Rutinitas yang pasti membuat  nya jenuh, apalagi di tempat yang terpencil dan jauh dari keramaian. Namun slamet berusaha merawat bangunan ini dengan baik, seolah sudah seperti rumahnya sendiri.
Kondisinya sangat memperihatinkan. Beberapa bagian sudah berkarat dan keropos. Slamet harus lebih sering membersihkannya, karena sangat berbahaya buat dia dan rekannya Sumanto. Bangunan seperti ini fungsinya memang sudah
tidak seperti pada masa lalu. Berkembangnya peralatan pemantau canggih, seperti GPS, telah mengubah mercusuar menjadi banguan bersejarah. Di ketinggian enam puluh lima meter, pemandangan begitu mempesona.
Ketika menjelang malam, suasana semakin sepi dan terpencil. Namun bagi Slamet dan Sumanto, hal itu sudah biasa. Suasana seperti ini seolah membawa kita ke masa lalu, jaman kolonial yang jauh dari hiruk pikuk kendaraan bermotor serta hingar bingar informasi dari belasan stasiun televisi.

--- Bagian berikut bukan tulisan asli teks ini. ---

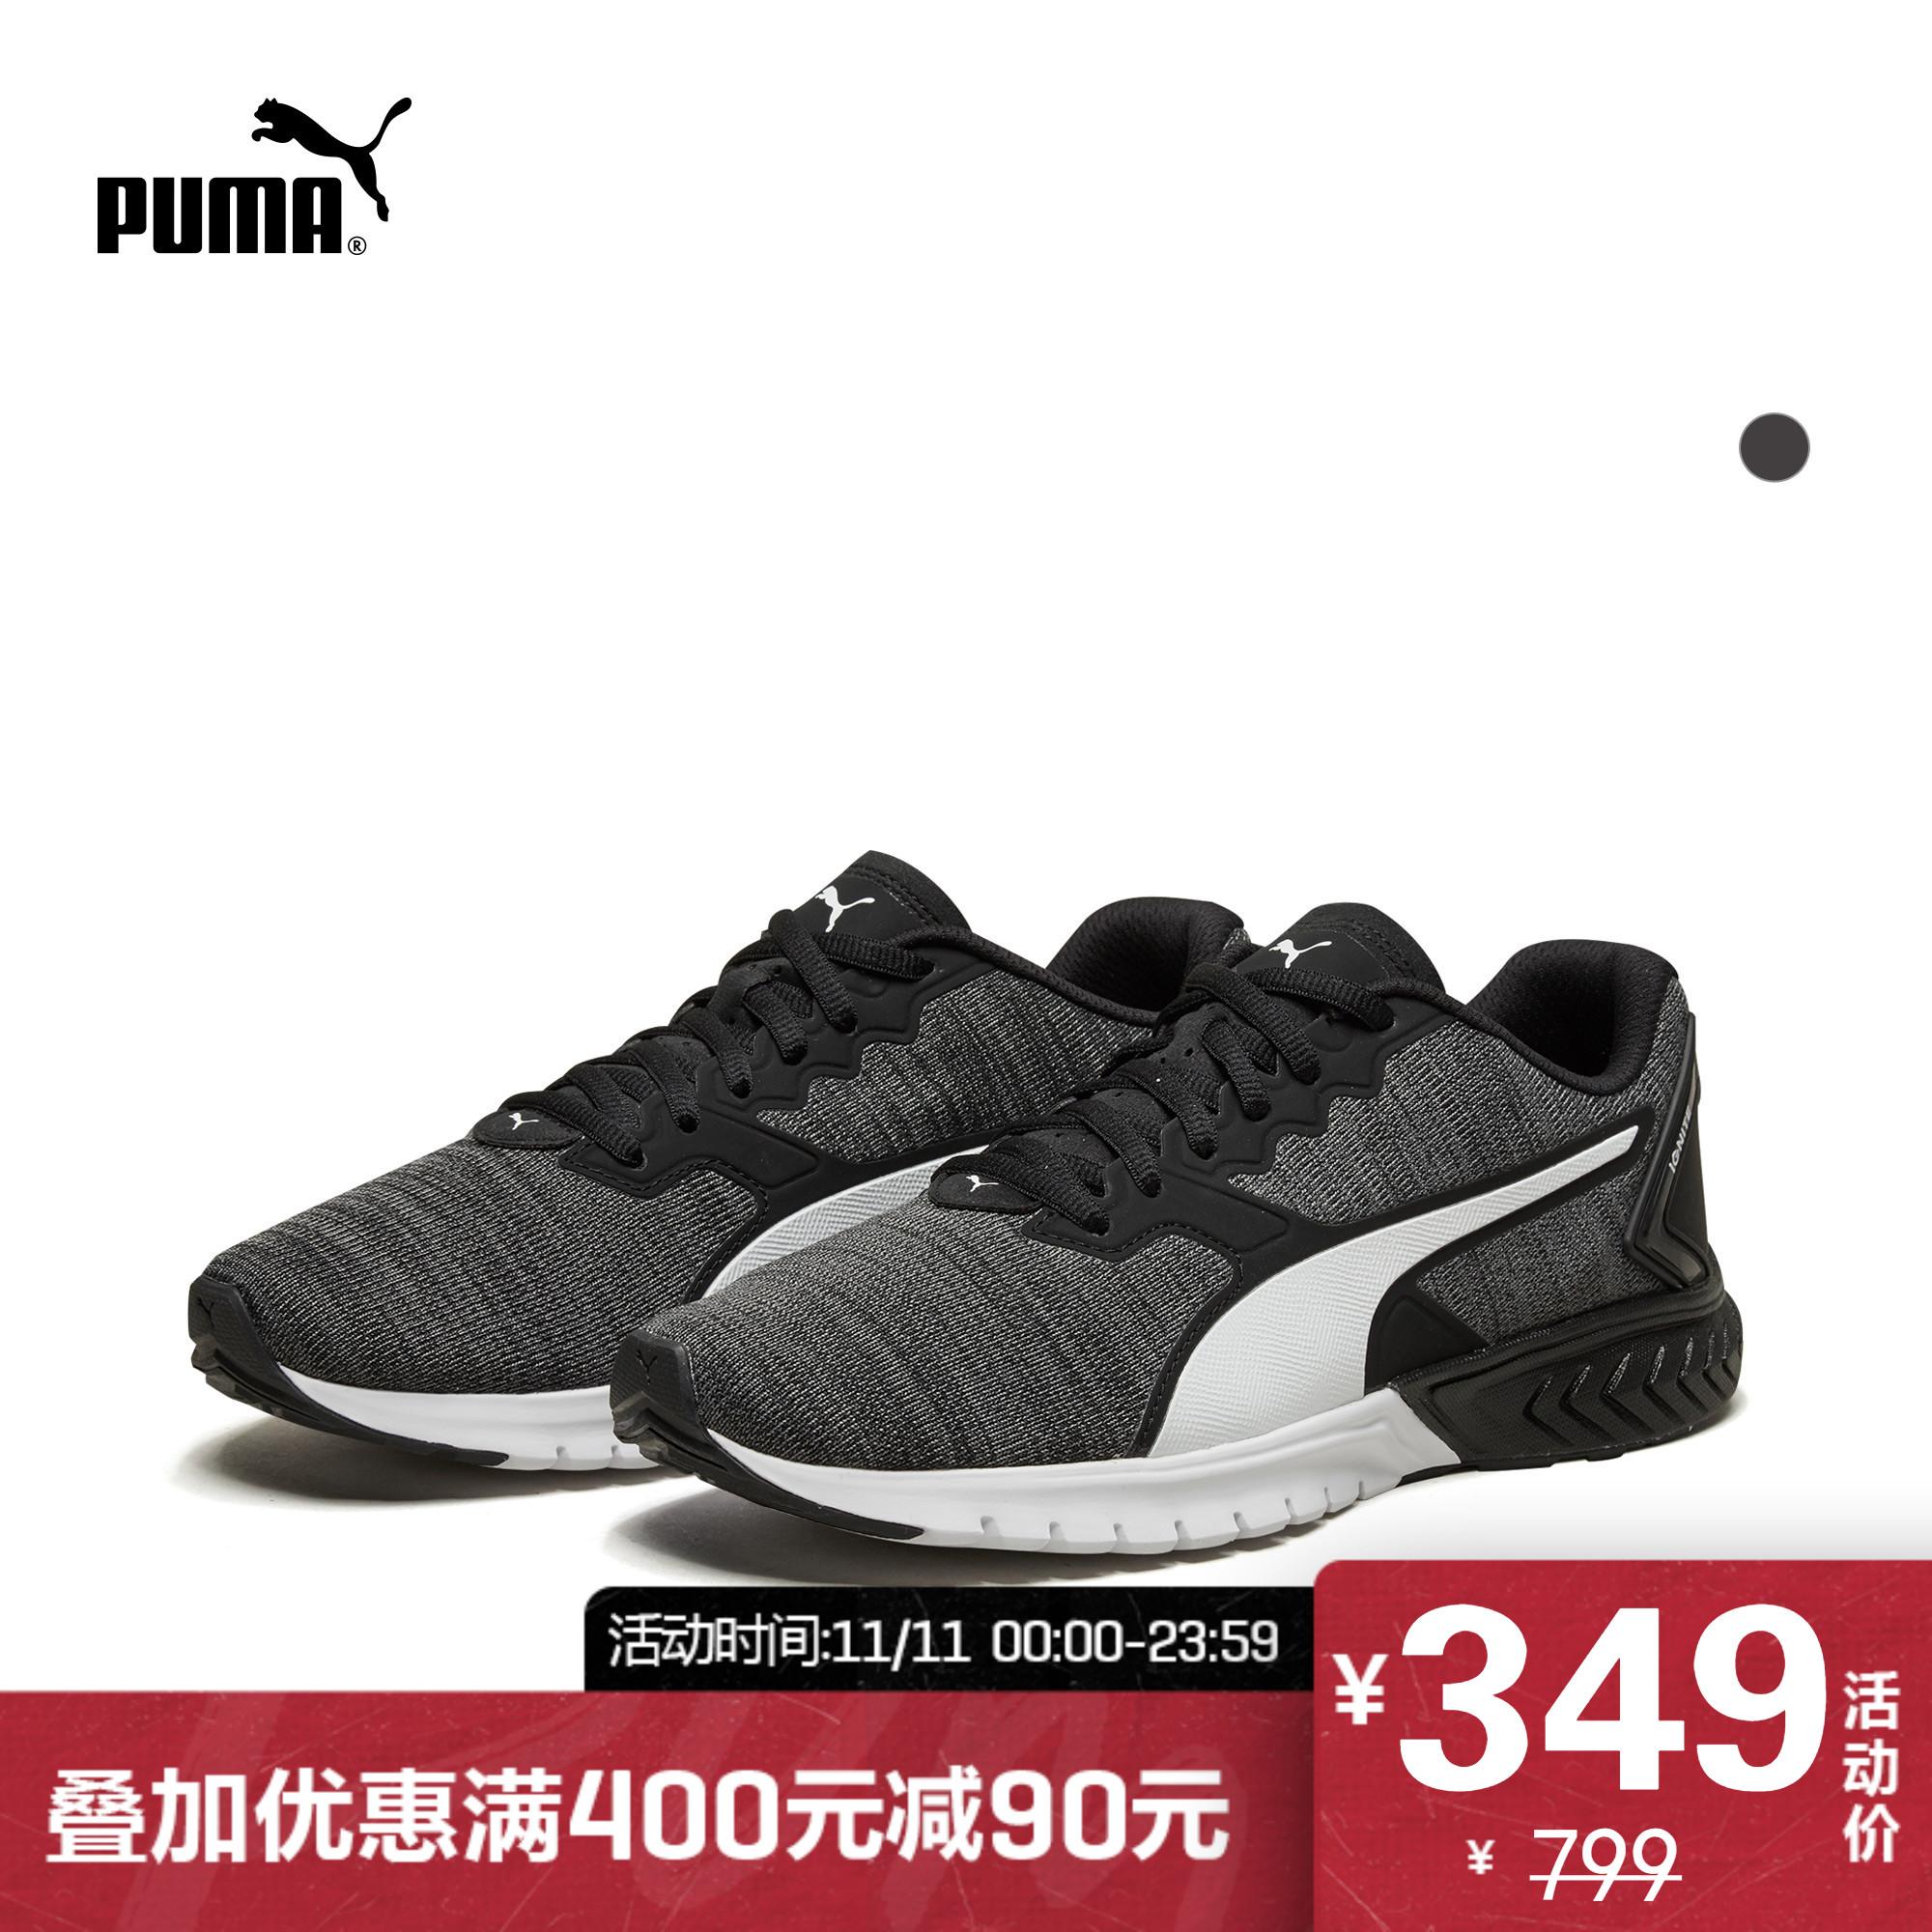 PUMA彪马官方 女子跑步鞋 IGNITE Dual NM 191482

Dan justru pada saat seperti ini, mereka berdua harus menjalankan tugasnya menyalakan lampu mercusuar. Bagi kedua pegawai pemerintah ini, mercusuar ini masih tetap penting. Selain harus merawatnya, malam ini Slamet dan Sumanto harus mengoperasikannya.
Cahaya lampu bisa menjangkau hingga puluhan kilometer dan akan sangat berguna, buat kapal yang melintasi perairan ini agar tidak mengahantam karang. Siang hari, seperti biasa Sumanto kembali memberi makan biawak  bawaknya. Sebuah rutinitas di pulau kecil  yang bernama biawak.